Given the conclusions of issue 1, the issue of exercising discretion became academic. Nonetheless, it was determined that Courts are entitled to exercise their discretion to make an award in line with the Spanish interest rates. Dissecting this conclusion, two reasons were given:

  1. The exercise of this statutory discretion has been long considered, and a relevant factor may well include relevant provisions of the overseas law.
  2. While the interest rates after the second year are penal, the rates remain an integral part of the way in which damages for personal injuries paid by insurers are assessed in Spain. Had Spanish penal interest been found a procedural matter, it would be proper to award this sum, as this is what a claimant would have got in Spain; it is not giving claimant’s an advantage by bringing the claim in England, rather it is matching what they would walk away with in Spain. It would be “an unusual case where such an important component of the overall award should be left out of the award as an exercise of discretion” [66].

Findings – Reparation Cost Recovery

While this discrete issue is not the focus of this post, a quick acknowledgment is given to the matter of which law determines the principle of subrogation; Mapfre saying Spanish law, the respondents saying English law. Parties agreed that the answer to this hung on the proper interpretation of article 19 of Rome II.

The issue was dealt with swiftly. A literal reading of article 19 of Rome II, taken step-by-step, was set out, the crux being that Ms Sedgwick’s contract with her insurer was governed by English law. It was therefore found that it is under English law that her insurer had a duty to satisfy her claim, and consequently English law governs the recovery of these sums. Ms Sedgwick was correct to claim in her own name.  

Comment

This judgment provides a security blanket for claimants who have obtained injuries in Spain and are pursuing damages through the English courts; they can have assurance that they will not find themselves worse off because of a technicality of where the money ‘comes from’, be it conventional damages or interest, because they have pursued their losses in the English rather than Spanish courts.

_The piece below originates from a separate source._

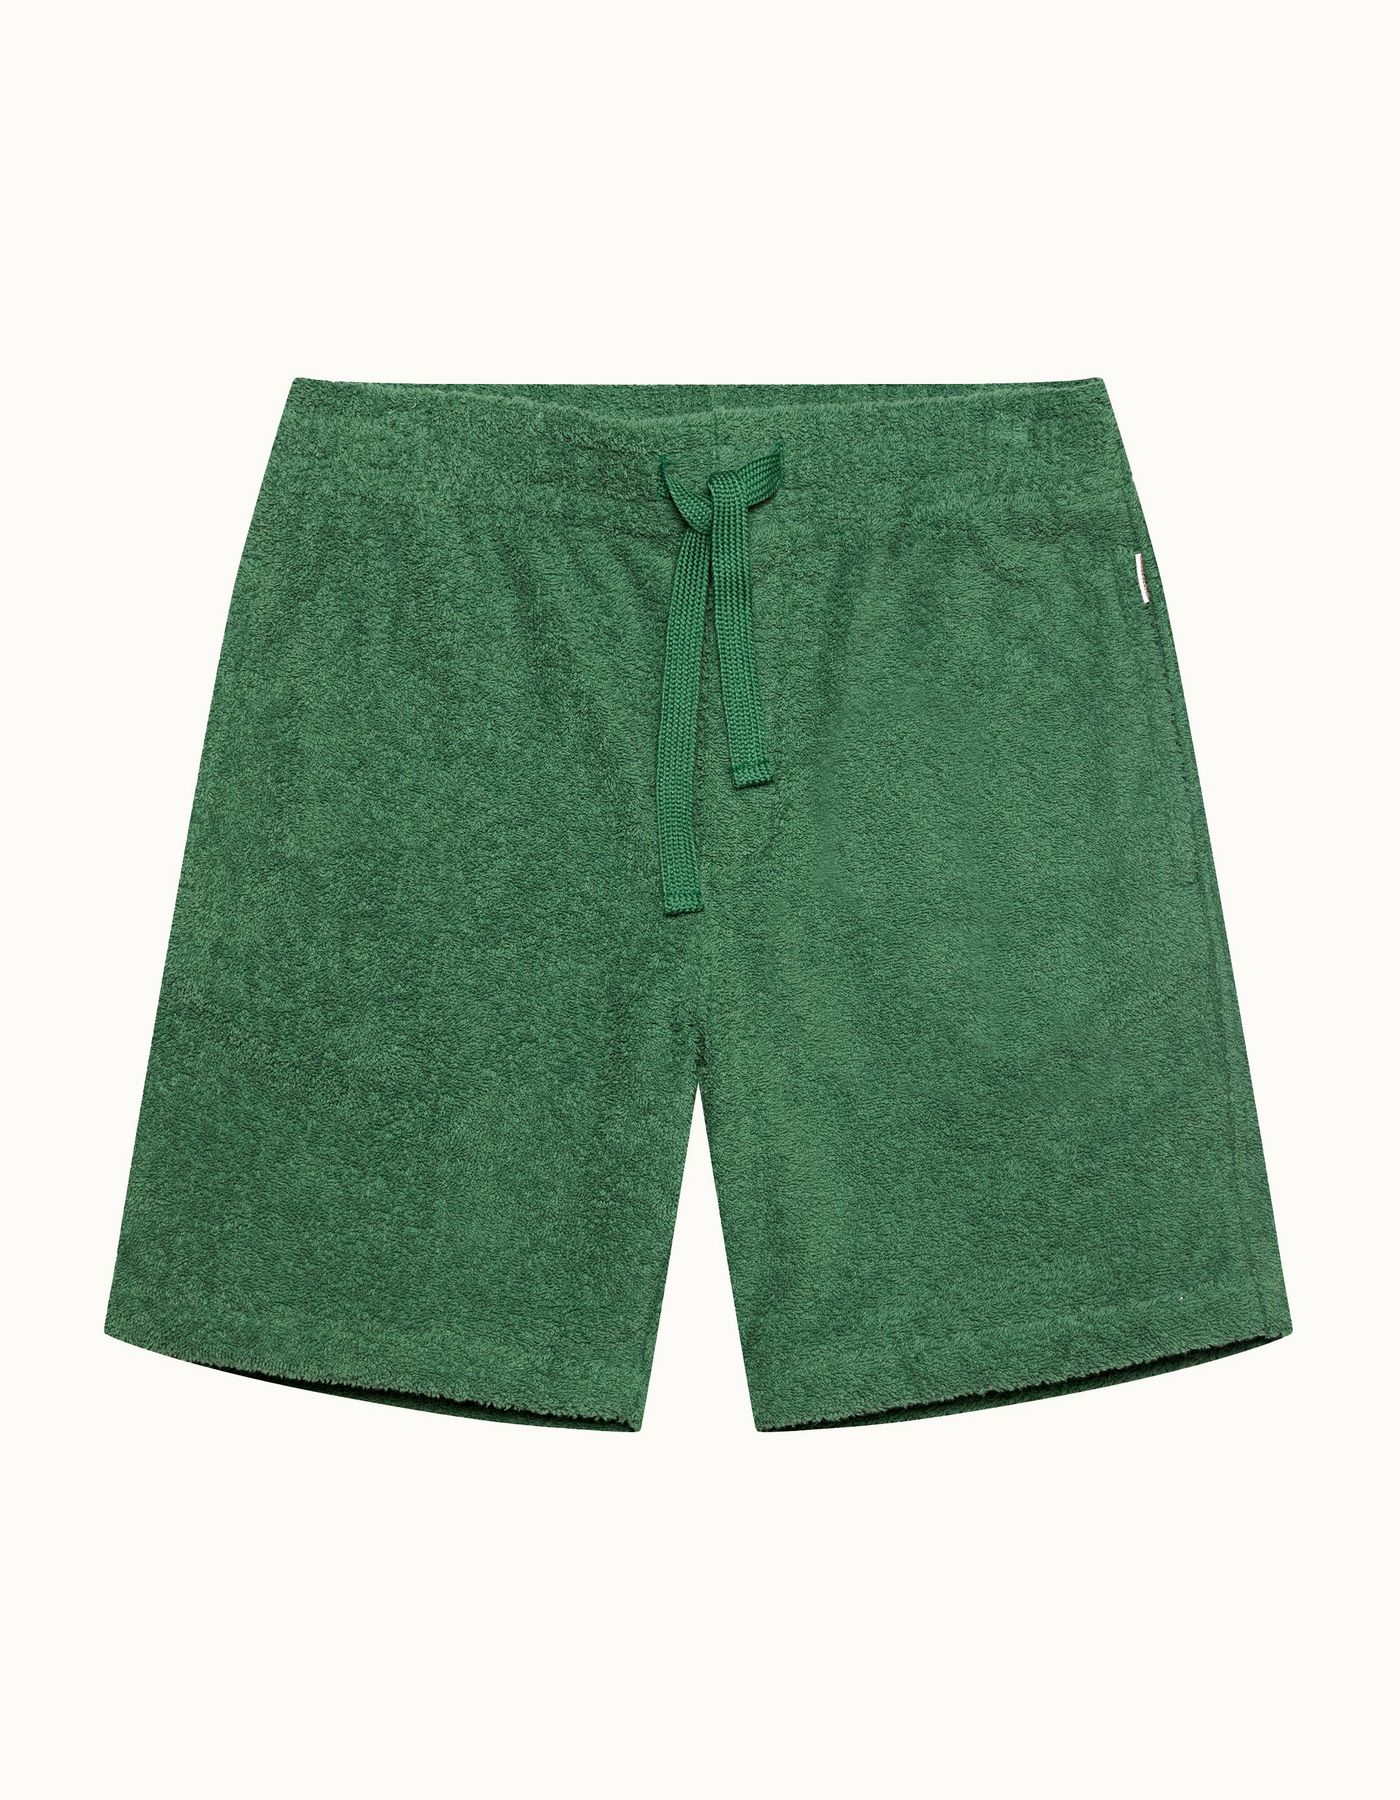 Trevone Towelling - Mens Kale Classic Fit Cotton Towelling Sweat Shorts

Beyond claims originating from accidents in Spain, the ramification of this judgment extends to cases pursued under Rome II more broadly. While not a definitive determination that, in cases outside Spain, interest is always a matter of substance, this judgment has clarified that interest can be brought within the scope of Rome II. On a country-by-country basis there may be argument to be had that the system of awarding interest is distinguishable from Spain, but it appears the starting point is that interest is a matter of substance.

In any event, any argument to distinguish a case from this judgment in relation to issue 1 will, arguably, be largely academic. What this judgment has confirmed, and brought back into the spotlight, is the availability of judicial discretion under section 35A of the Senior Courts Act 1981 or section 69 of the County Courts Act 1984, as per Maher. The implication of this is that even if a defendant were to distinguish themselves from this case on issue 1, claimants still have the safeguard of this judgment in respect of issue 2. While this may be of interest to the lawyers, the practical impact for the parties is that, be it through reliance on this judgment in respect of issue 1, issue 2, or both, claimants pursing claims under Rome II likely have the interest provisions of the law of substance available to them.

As a final note, Lord Justice Dingemans at [67] noted that “whether it is appropriate to award extra interest under Part 36, when an insurer has been ordered to pay interest under Act 50/1980, involves a separate exercise of discretion.” How this discretion should be exercised remains a live argument for Defendants to make in appropriate cases.